Links between the process of comics creation and a ‘network of social interactions’ (Brienza 2010: 107) also appeared during the interviews. These procedures varied between the information providers according to the inherent infrastructure of the organisation or working practices of the individual, but authors and publishers identified interactions outside of the process of publishing as important. These interactions varied between motivations to productivity as exemplified by Stringer-Horne’s description of Twitter enabling solitary creators to keep in touch with colleagues, to shaping the actual type of material produced when L.B. Lee interacts with those interested in their work. It is questionable whether input from fans or fellow patients can really amount to the same type of advice as that of a professional editor (Murray 2013: 341), or if peer support can offer the same perceived reassurances of peer review. However, if the intention is to provide patient perceptions as ‘true experiences, not contestable knowledge’ (Pols 2014: 77) then perhaps the function of these network interactions can be seen as valuable in the construction of the resulting information objects.
Freedman’s conception of comics culture obscuring the distinctions between formal and informal specialisation (Freedman 2011: 29) seems to be tangible in the above processes and is also visible in the dissemination stage of the information chain. Among other retail activities, on admittedly contrasting scales, self-publishers such as L.B. Lee and established publishing houses such as Jonathan Cape use comics-specific events like conventions and fairs to make sales, and these gatherings also influence the creative process, either with feedback from fans, customers and fellow artists, or from publishers looking for new talent.

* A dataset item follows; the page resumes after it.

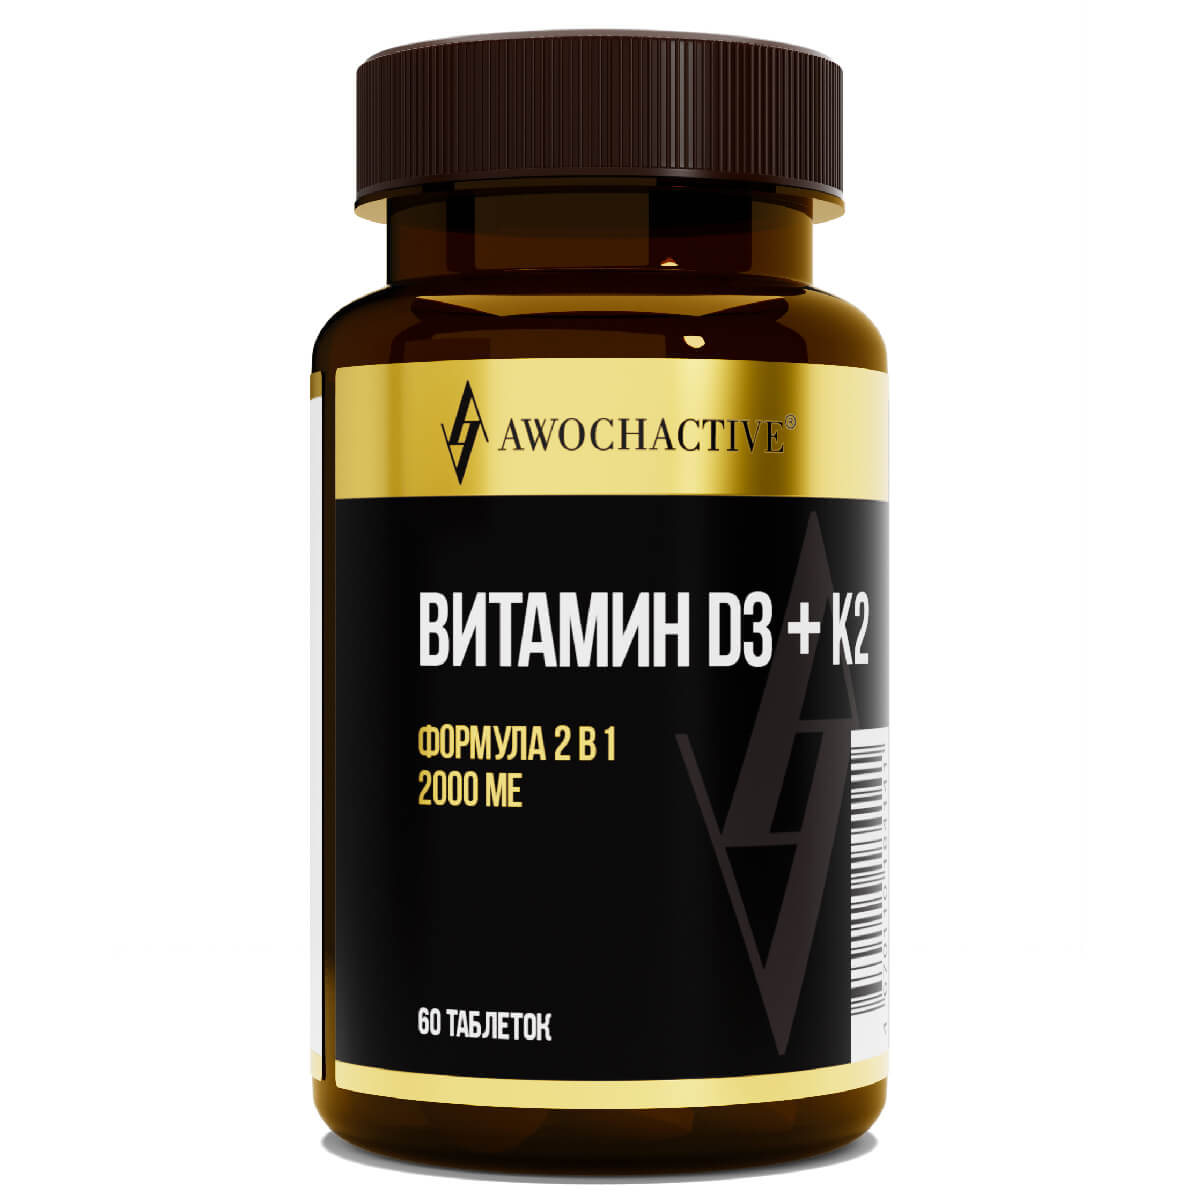 Витамин Д3 2000МЕ + К2, 60 таблеток, AWOCHACTIVE Витамин Д3 2000МЕ + К2, 60 таблеток, AWOCHACTIVE - фото 1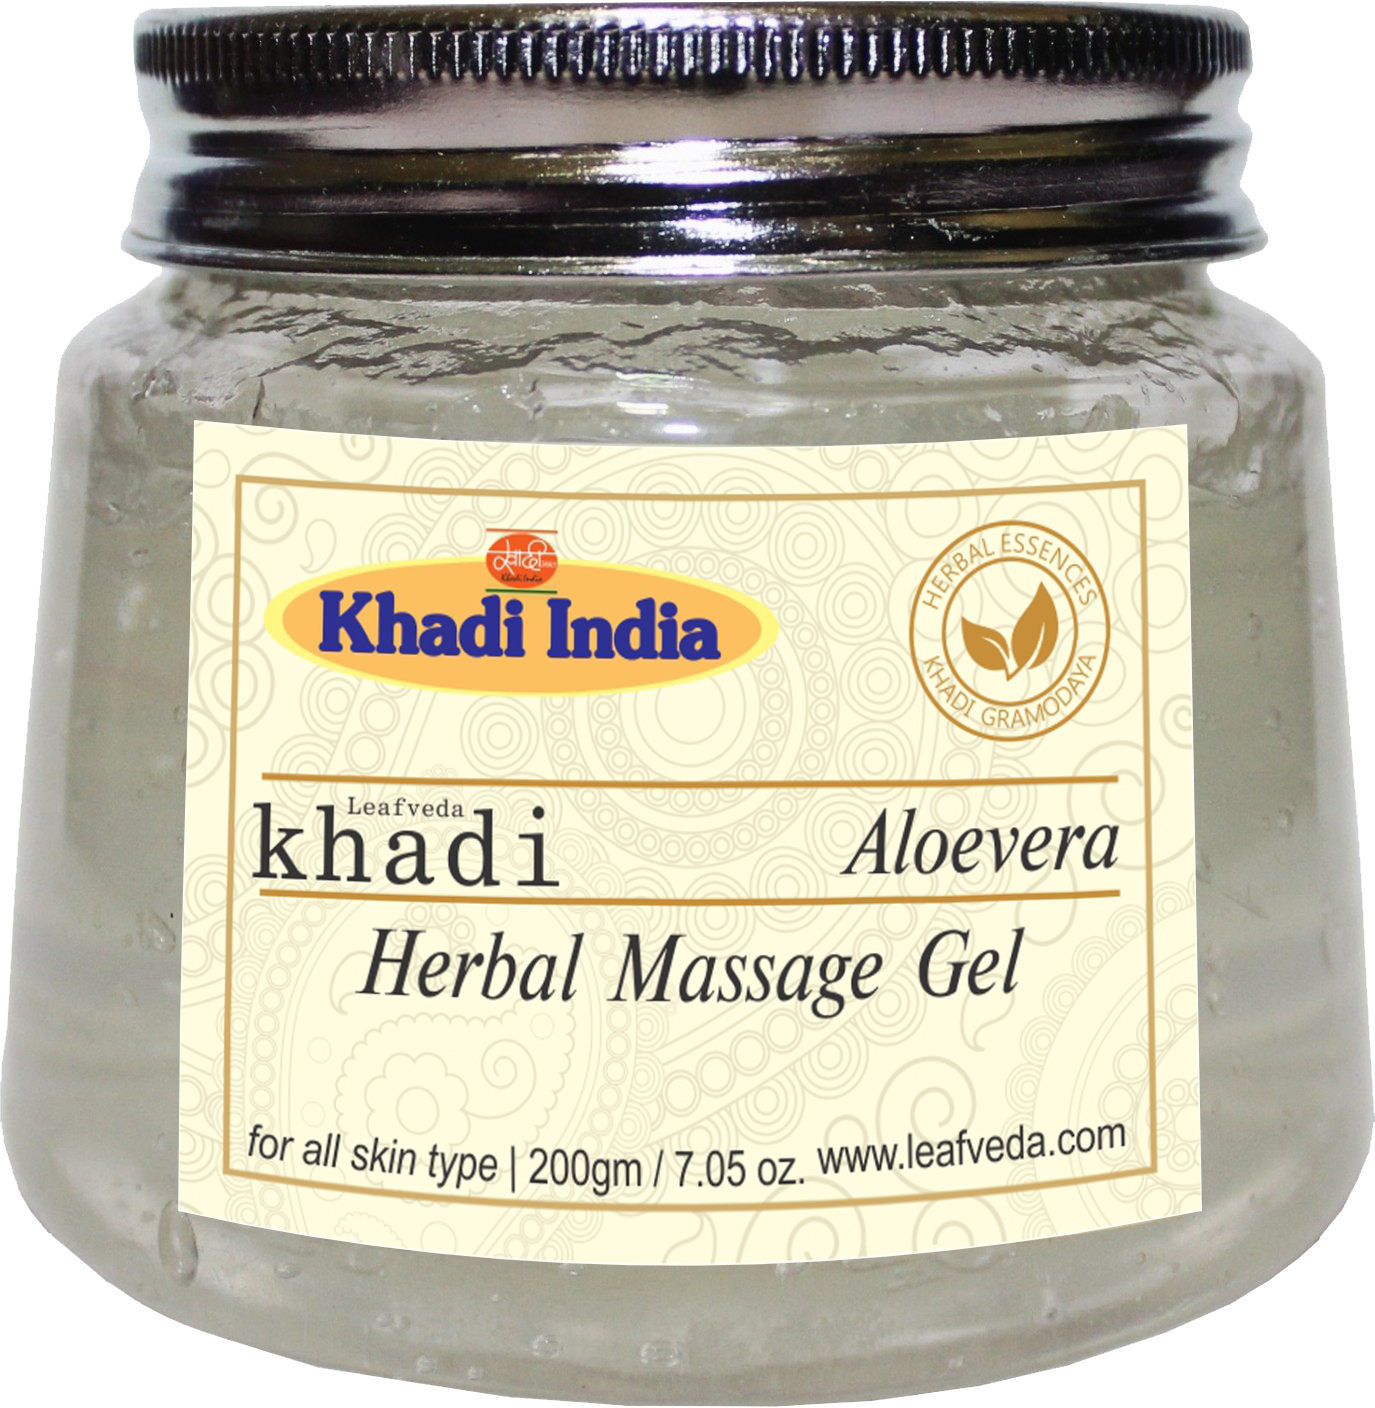 Buy Khadi Leafveda Aloe Vera Herbal Gel at Best Price Online

Freedman’s description of how the nature of comics ‘confounds the distinction between academic and amateur scholarship’ (Freedman 2011: 29) also could go beyond the domain of comics studies and into any discipline where comics become central to the discourse. There seems to be an almost comic-con culture informing at least some aspects of academic conferences such as the International Conference on Comics and Medicine series – illustrated, literally, by the organiser Al-Jawad’s full-page cartoon depicting a scene of numerous social interactions (Al-Jawad 2013: 146), and also suggested in comments like Czerweic’s on the event’s community building being the ‘biggest prize’ (Fitch 2013). This is not meant to infer these gatherings are anything less than serious academic enterprises, but to emphasise that to fully understand the value of comics to mental health training, it is necessary to understand its community’s contribution to the information chain. This claim is justified by the evidence provided by the interviewees, who agreed in the key role that the community plays in comic book culture in general and mental health-related comics culture in particular. This suggests that, for comics producers and disseminators, the published book (the ‘text’) is only one element in a complex information chain. This has implications for the full understanding of the relevance of contemporary Graphic Medicine, particularly when approached from vantage points not familiar with comic book culture and its particularities.
Final Reflections
Creators and publishers reported some academic use of graphic narratives, although no evidence was produced to confirm that they are indeed currently used as informative texts or aids to study. The type of material being produced is varied, and so are the circumstances of production. It is likely there would be a perceived reassurance about comics produced by established publishers as far as libraries and higher education institutions are concerned. However, this perception not only excludes the work of established self-publishing psychologists such as Burrowes, but it also excludes work by authors such as L.B. Lee, whose work embodies the experiences of living with multiple personalities in a way that only comics can (see Figure 2). There is the potential to miss valuable and informative material if comics work by dedicated practitioners or passionate advocates are to be ignored because their chosen mode of expression comes from beyond those traditionally accepted.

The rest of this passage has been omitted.